Mercury's recent tectonics revealed

by Mary Caperton Morton
Tuesday, December 27, 2016

The MESSENGER spacecraft orbited Mercury for four years, producing high-resolution images of the planet's surface. Credit: NASA/Johns Hopkins University Applied Physics Laboratory/Carnegie Institution of Washington/USGS/Arizona State University.

Not so long ago, Mercury was the least-studied planet in the inner solar system, known only from Earth-based observations and from Mariner 10’s brief flyby in the 1970s. In 2011, the MESSENGER spacecraft began orbiting Mercury, imaging the planet’s crater- and fault-scarred surface before crashing into it, as planned, in 2015. As MESSENGER spiraled downward, it took a last series of high-resolution images, analyses of which are revealing new information about the planet’s surface geology, including evidence for recent tectonic activity.

Mercury has faults, but it does not have multiple tectonic plates like Earth. Instead, the planet has one giant plate that makes up the entire lithosphere. Mercury’s largest fault scarps are formed by thrust faults and are called lobate scarps. The largest is 1,000 kilometers long and more than 3 kilometers high. “These scarps are huge compared to anything we see on the moon,” says Thomas Watters, a planetary geologist at the Smithsonian National Air and Space Museum in Washington, D.C., and a member of the MESSENGER science team.

The hard-to-miss faults were originally imaged by Mariner 10, but Watters, lead author of a new study in Nature Geoscience detailing findings from MESSENGER’s last efforts, was curious to see if the lower-altitude images would reveal smaller — possibly younger — scarps as well. Once MESSENGER got low enough to collect the very high-resolution images needed to look for smaller scarps, “sure enough, there they were,” he says.

The small scarps are interesting because they are indeed much younger — likely formed within the last 50 million years — than the large lobate scarps, which are roughly 3.6 billion years old, Watters says. The age of the smaller scarps was determined in the new study by examining small impact craters that crosscut the scarps and erode at expected rates due to constant meteoroid bombardment. These scarps represent the first evidence for recent, and likely ongoing, tectonic activity on Mercury, Watters and his colleagues suggested. “In terms of planetary geology, 50 million years is brand new,” adds Paul Byrne, a planetary geologist at North Carolina State University who was not involved in the new study.

On Mercury, tectonic landforms, such as fault scarps, form through planetary contraction.
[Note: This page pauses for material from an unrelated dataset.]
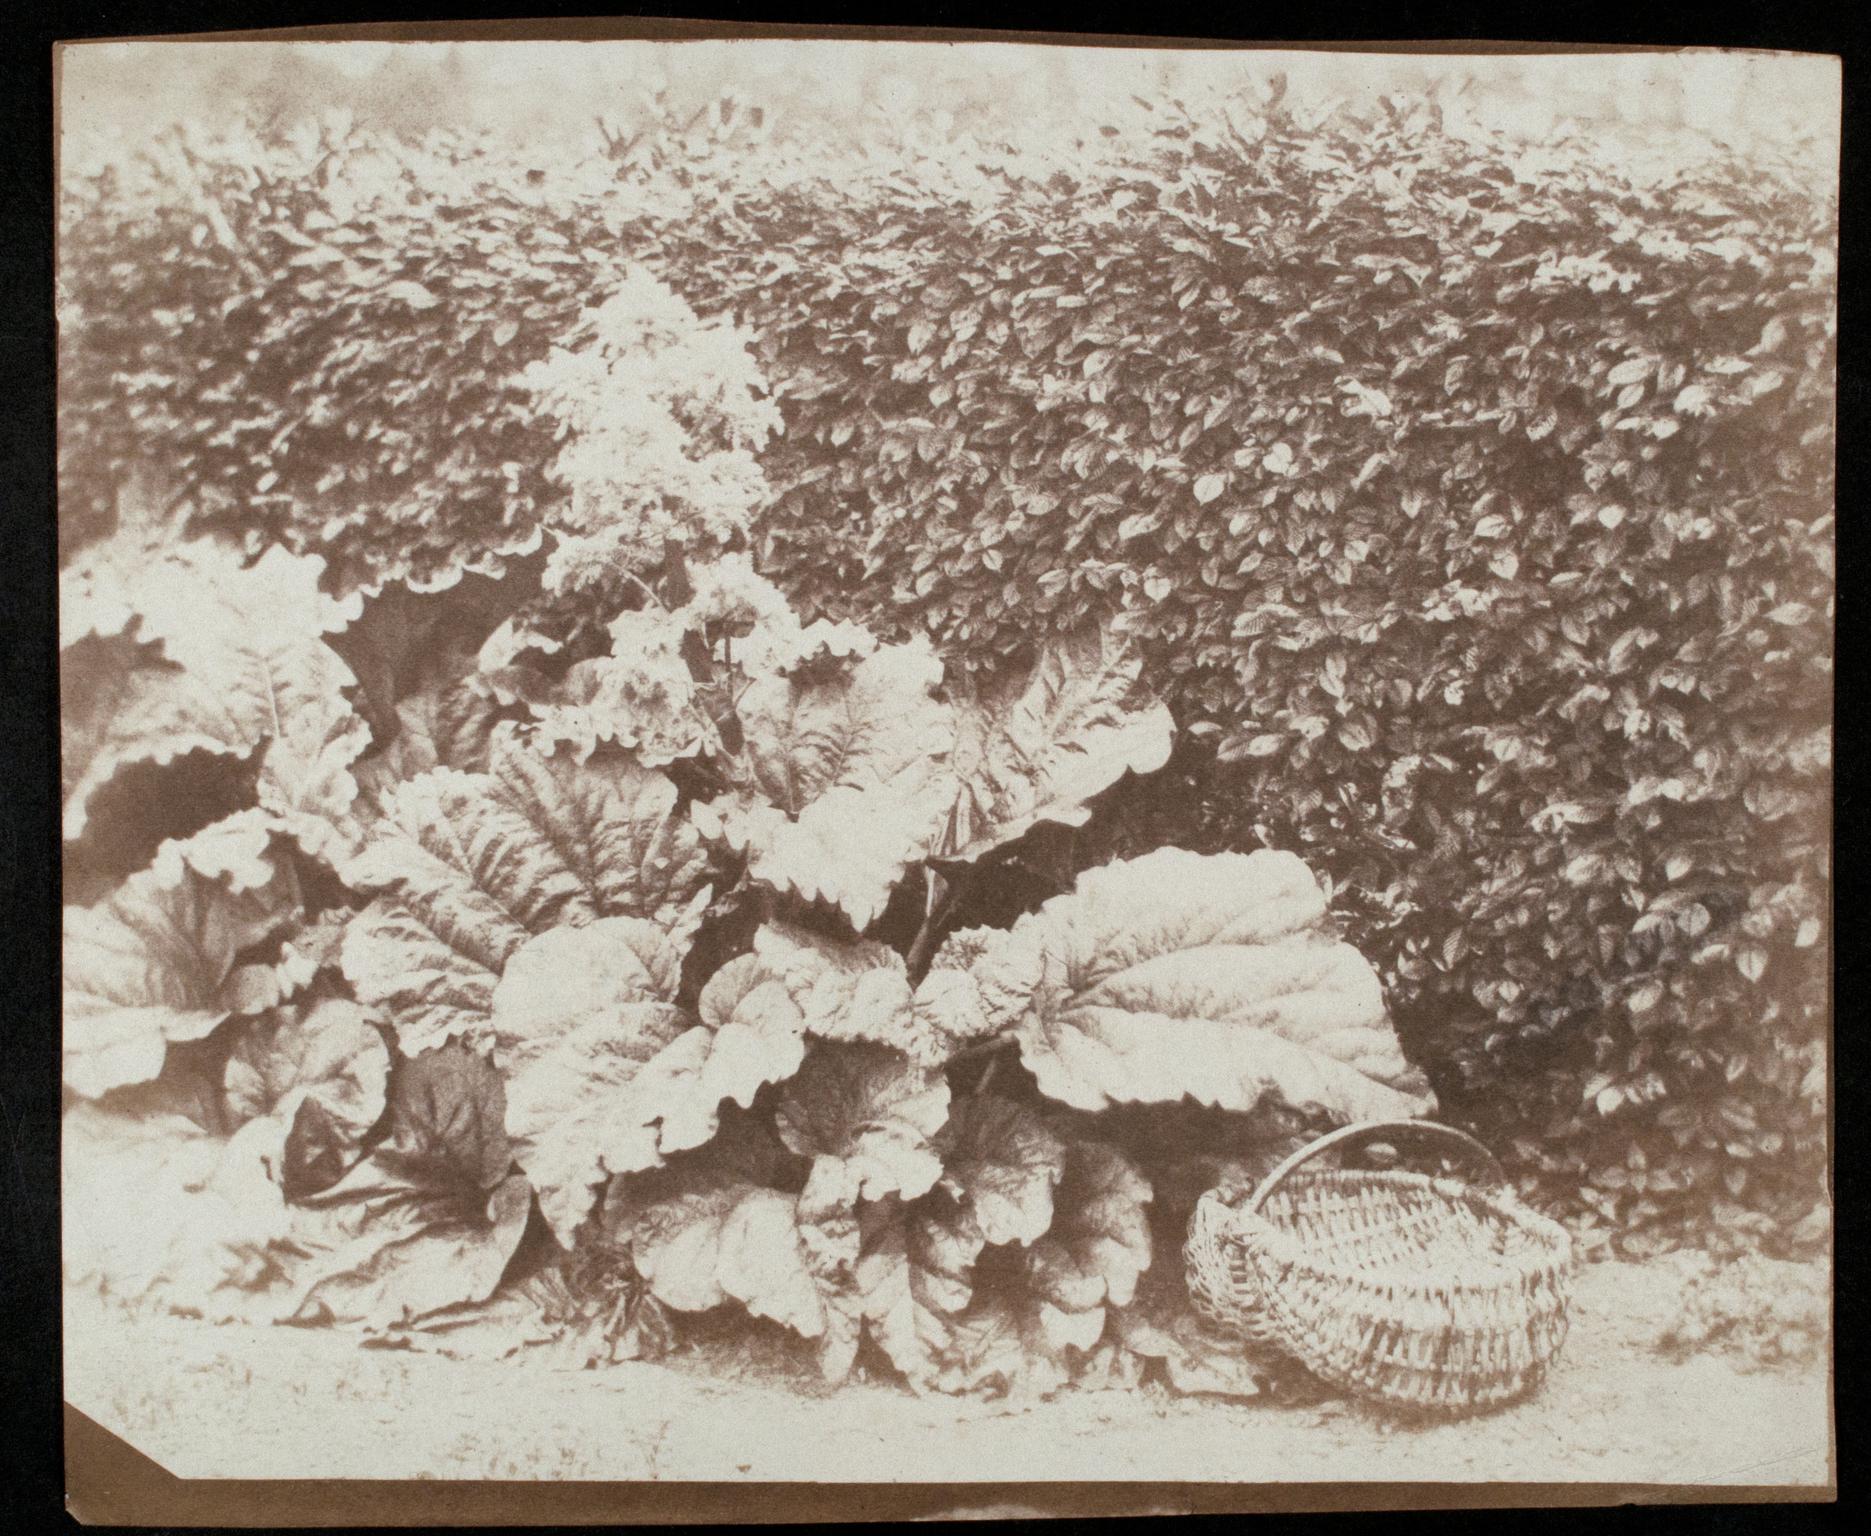 Rhubarb, photograph

Mercury’s interior shrank as it cooled, and the outer silicate shell was forced to contract to accommodate the change in interior volume.

“In my opinion, these very young small scarps are the smoking gun that Mercury is still contracting,” Watters says. The small faults also provide a snapshot of how the larger faults were formed, he says. “Faults start out in series or clusters and with enough contraction they merge together into longer faults that can eventually form megafaults,” he says, such as the Enterprise Rupes, a lobate fault scarp on Mercury as long as California’s San Andreas Fault.

Current tectonic activity in the form of contraction and faulting, along with recent evidence of a long-lived magnetic field, suggests that Mercury didn’t follow the expected path of thermal evolution of a small planet — its interior did not cool rapidly, Watters says. “These discoveries from MESSENGER’s last days in orbit indicate that Mercury has cooled much more slowly than previously thought,” he says. “The next step will be to use the wealth of data MESSENGER accumulated to determine how Mercury and other small rocky planets sustain their internal heat for billions of years.”